Step 7:  Set Table Variables (Table Tab)

Use the Table Tab to choose variables to include in the output matrix. For this exercise, you want to show the incidence rate for malignant cervical cancers by county quintiles for the percentage of the population with less than a high school diploma.

  • On the Table Tab, the variables are listed in categories in the Available Variables box at the bottom of the screen.
  • Use the "+" to expand the "User-Defined" category.
  • Select the new variable, "Quintiles - % < hs education 2000".
  • Click Row on the right hand side of the screen to add this variable to the row dimension in the list of Display Variables at the top of the window.
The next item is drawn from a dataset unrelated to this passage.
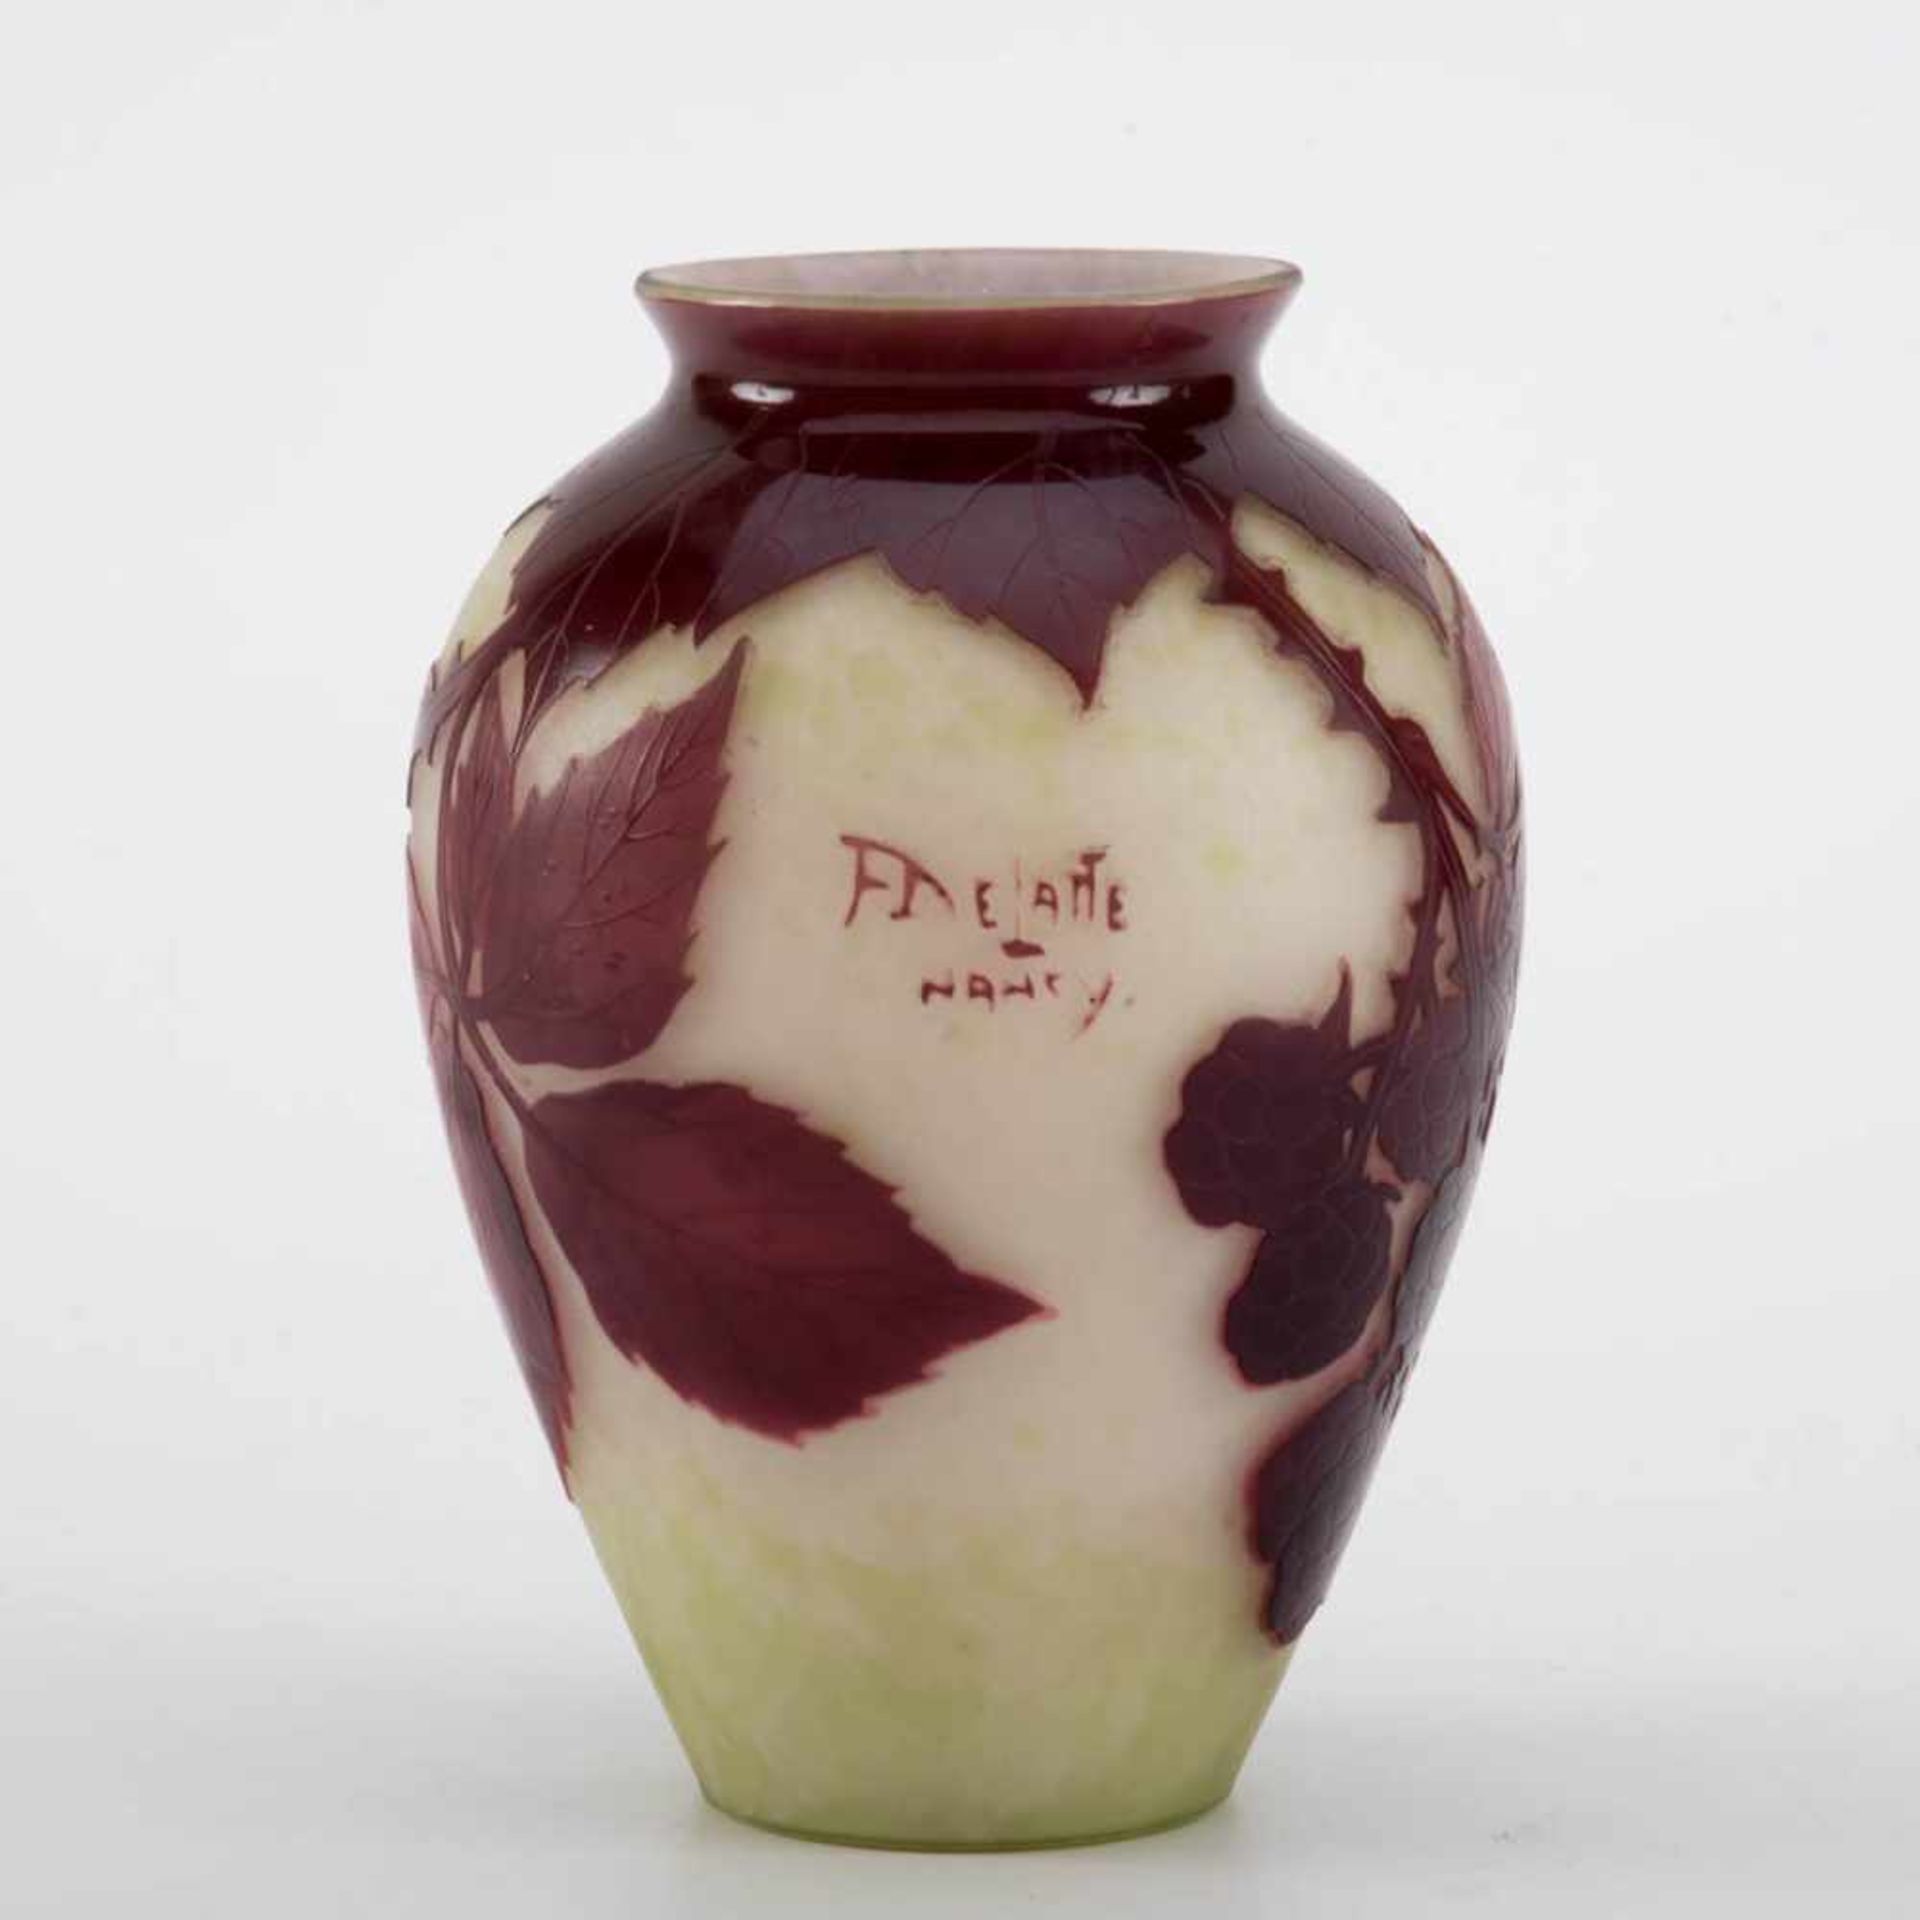 Delatte, Nancy, Vase um 1920 Ovoider Korpus. Farbloses Glas mit hellgrün bis weißlich verlaufender - Image 2 of 2

Step 8:  Specify a Title (Output Tab)

  • Move to the Output Tab.
  • Enter the following title:
    Age-Adjusted Incidence Rates for Female Cervical Cancer, SEER 18 Registries, 2007-2011
    By Quintiles (Based on Total U.S. Counties) of Percentage of Population (Ages 25+) without a High School Degree or Equivalent
    Rate Exercise 5

Step 9:  Execute SEER*Stat and Save the Matrix

  • At this point, you have made all the necessary selections on the session tabs. Use the Execute button or select Execute from the Session menu to execute the session.
  • A new window will be opened containing the output table or matrix. Results shown in the SEER*Stat matrix window cannot be edited. You can print the matrix, export the results to a text file, and copy-and-paste data into other applications. The Results Matrix section of the help system contains more information about the SEER*Stat matrix and its features.
  • Use the Save As command on the File menu to save the matrix. Enter "Rate Exercise 5" as the filename. SEER*Stat will assign the "sim" extension to indicate that this is a "SEER*Stat Rate Matrix" file.
  • Compare your results to this SEER*Stat matrix file: Rate Exercise 5 Matrix Results.